Playing Doctor




Initial Visit?

Thursday, June 2

Nighttime

This post has a soundtrack. You can stream it or download it.


Last night, I began the first of a month of nights.

I go into the hospital from seven in the evening until eight in the morning admitting patients into the hospital, running codes, and helping the intensive care and cardiac care service.


Last night we brought a woman back from the dead. That was kind of exciting. She cycled through nearly every known arrhythmia, from asystole to bradycardia to pulseless electrical activity to ventricular tachycardia to ventricular fibrillation, even into Torsades de Pontes—the most French of the arrhythmias. Halfway through the code the senior attending started laughing at me.

‘It’s like she’s testing you—making sure you know how to deal with everything in the book,’ he said.


I admitted two or three crack chest pains. This is typical for a night. Cocaine causes coronary arteries to spasm and about twenty percent of our cardiac patients are there because of crack.

As the ED folk like to say, to laconic effect, ‘Crack Kills!’


I had a few straight forward admits, and then I had the big guy.

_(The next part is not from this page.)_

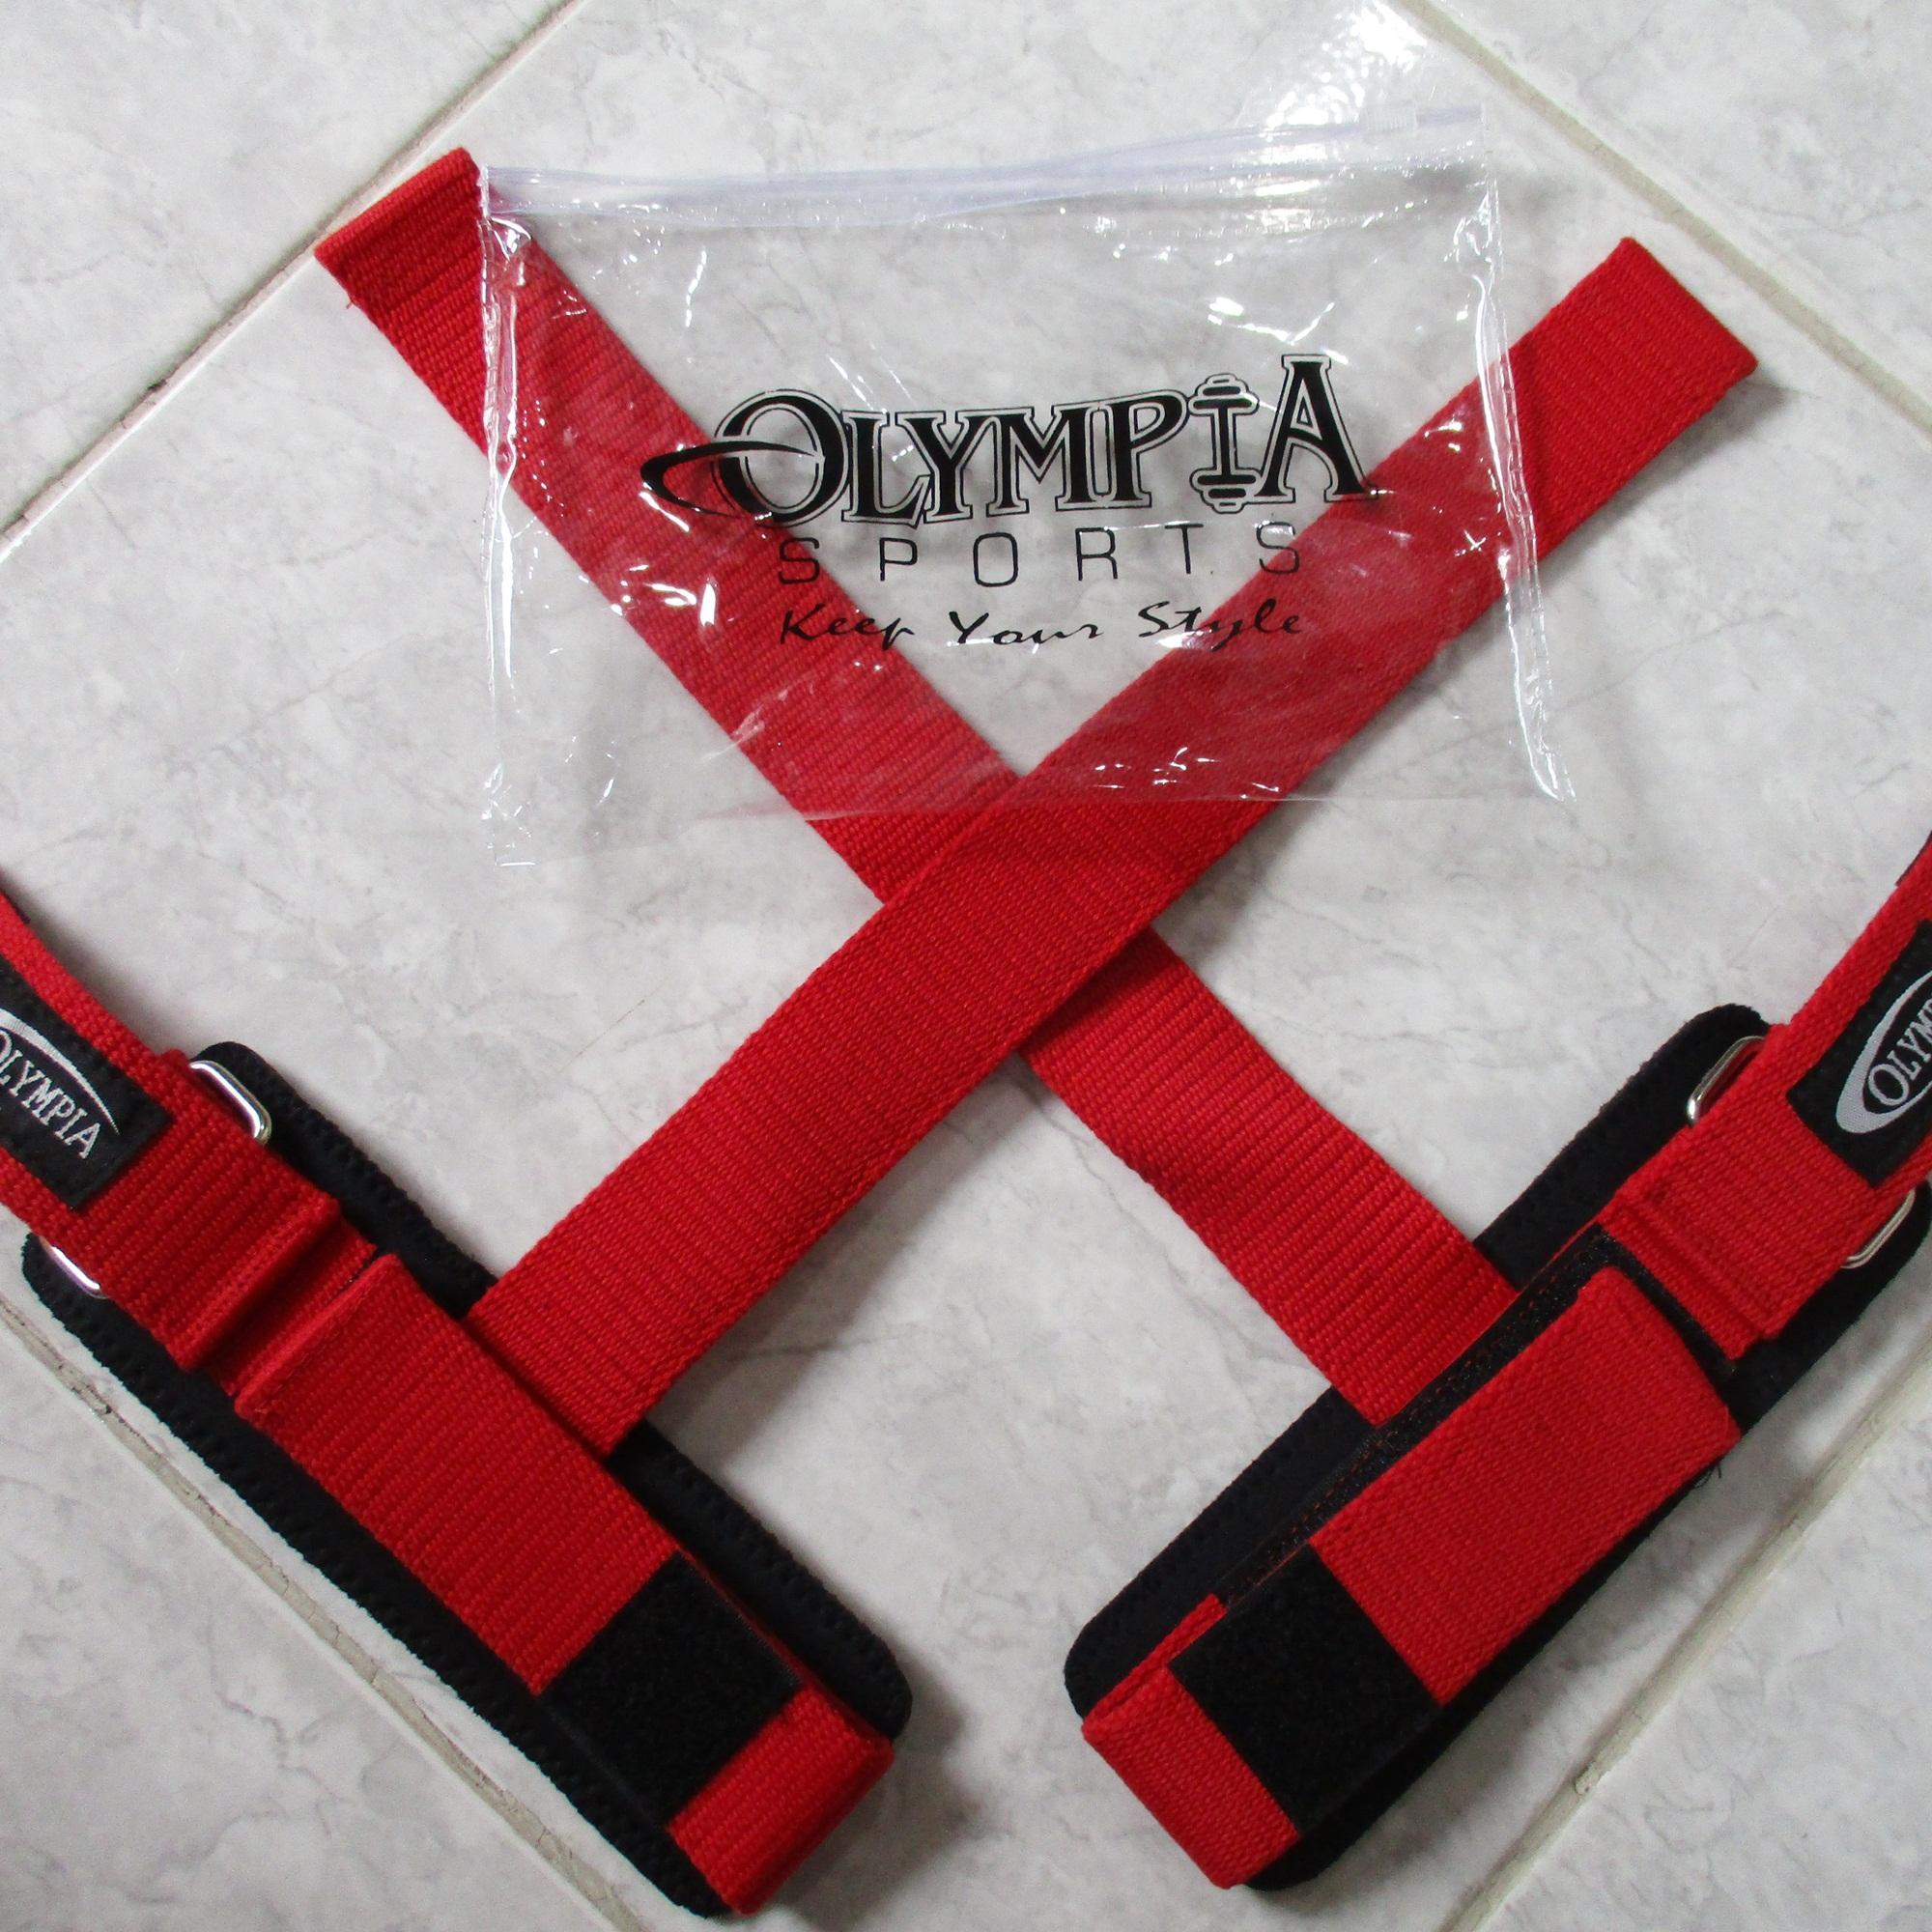 Strap Fitness Alternatif Sarung Tangan Gym Gloves Pengunci Besi Kuat dan Murah

A member of the 500 club, weighing in at over 500 pounds. His feet were so hugely swollen that he didn’t own shoes that would fit him. It didn’t really matter, because he couldn’t really walk much anyway. He stank of fungus and mildew, because the saprophytes feed on the oils and sweat that accumulate in his fat folds.

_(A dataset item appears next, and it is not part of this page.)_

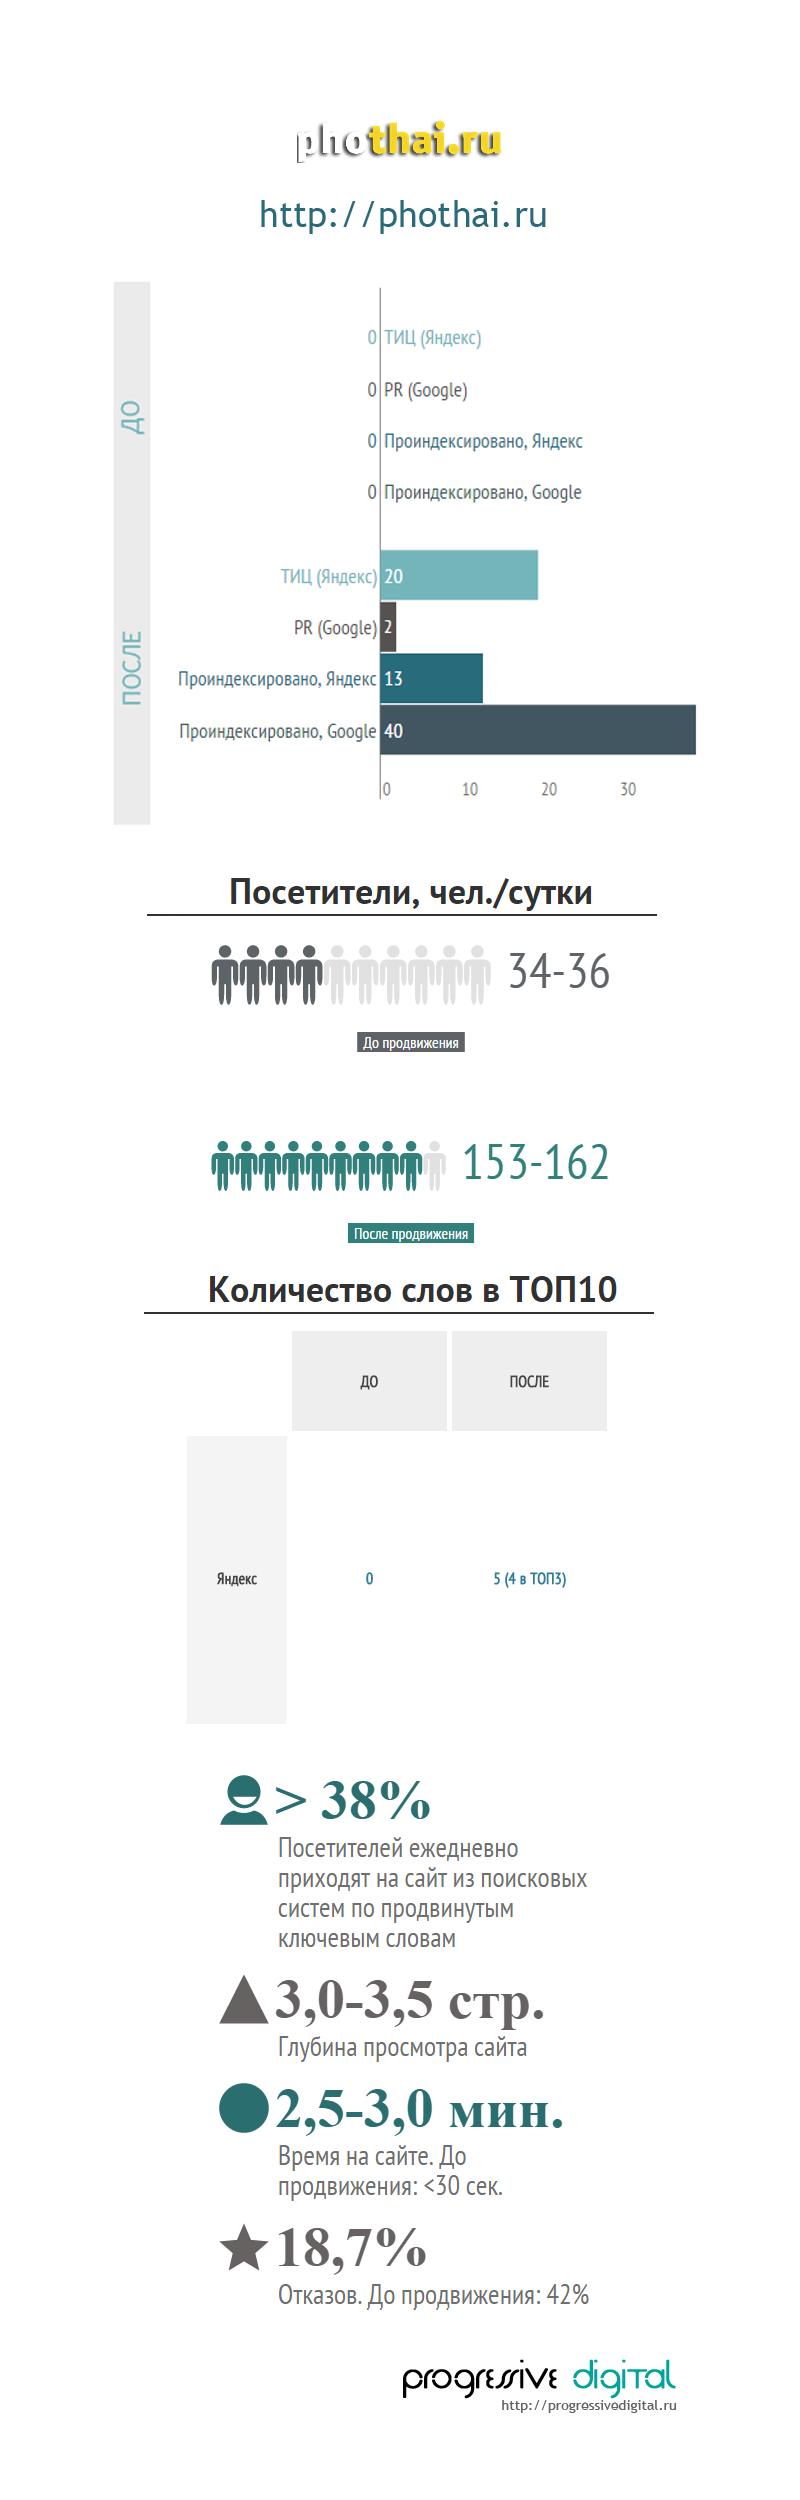 Phothai.ru (фото и видеосъемка)

When he started to crash, thankfully, I was somewhere else, and someone else had to intubate him. When I got there though, I placed the Nasogastric tube because the nurse said ‘good luck with this,’ and handed the tube to me. I placed it through his nostril and—kids don’t try this at home, I had him paralyzed—stuck my fingers down his Jaba-like craggily-tooth orifice of a mouth, and guided the tube down into his esophagus.

When his blood pressure started to drop and we needed central venous access, I had one nursing student pull his right breast out of the way, while I applied a tremendous amount of pressure to the fat around his clavicle and drove the needle into his subclavian. I had to bury a four inch needle through his fat all the way to the needle’s hub, compressing the fat as much as I could, just to reach the vessel. This is typically an easy inch and a half journey, with minimal compression needed.

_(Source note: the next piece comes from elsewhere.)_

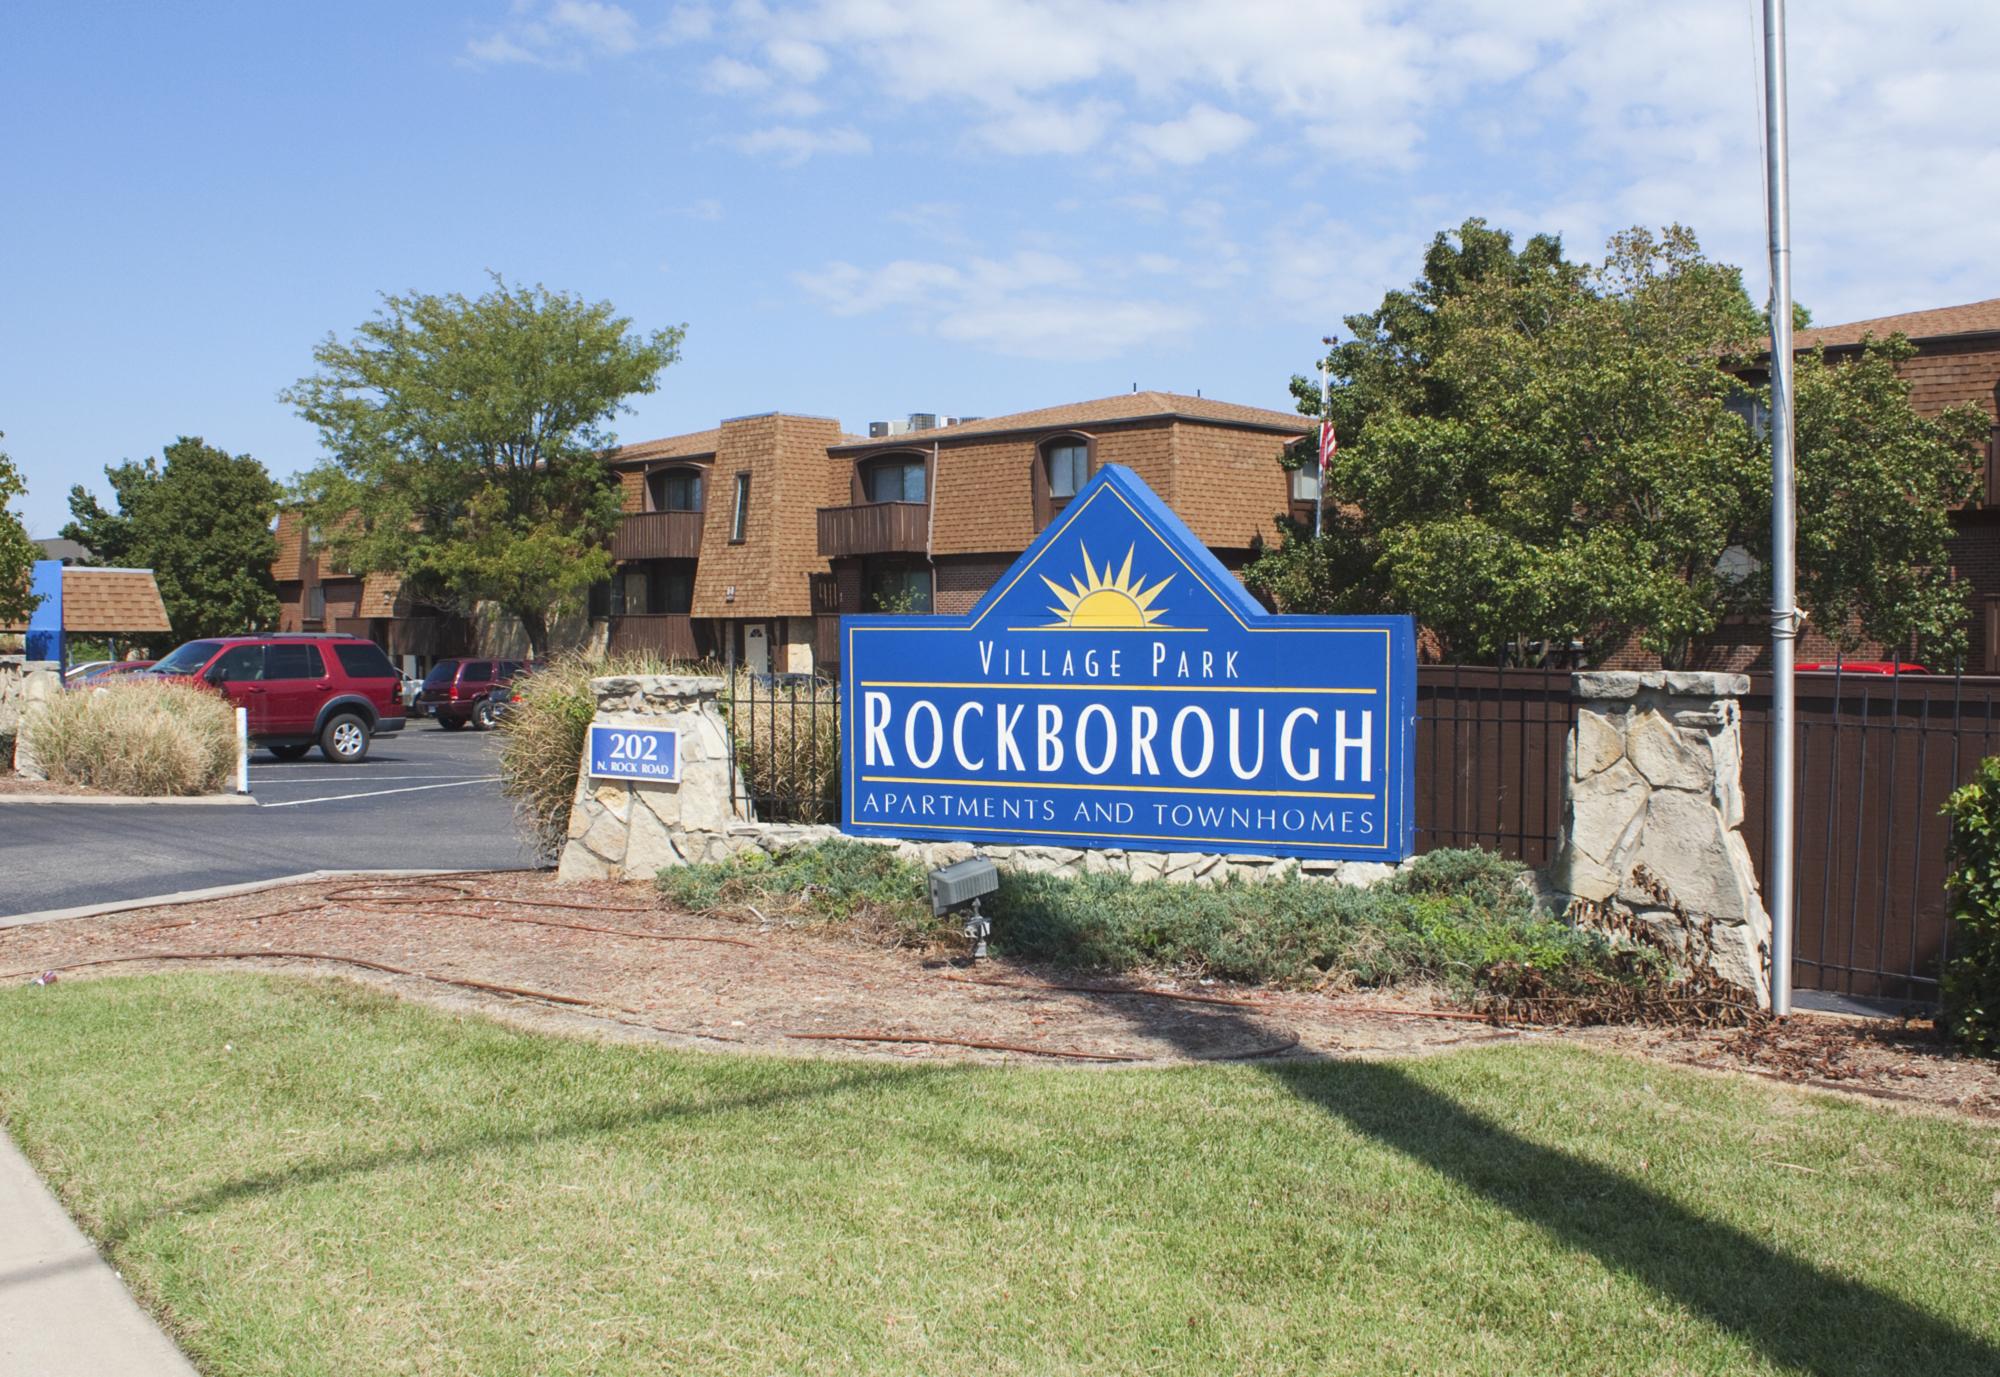 RockboroughSign2.jpg

The worst part is I had to use such a tremendous amount of pressure to the fat that I could not remove my left hand to place the guidewire. When I tried, the fat bounced up and I lost the vessel and had to rebury it to find it again. I tried this three times before I got another physician to act as my left hand, so that I could continue holding the fat down while we secured the access.

My arms still hurt. But he’s alive.




I return home to a bath and a mug of warm milk and fall into a deep—admittedly tormented—sleep. I feel like Batman.


I just wish I was an affable millionaire during the daytime.

1 Comments:

6/03/2005
Blogger Unknown writes:

Yea - but you are cute as hell and that will get you as far as being an affable millionaire!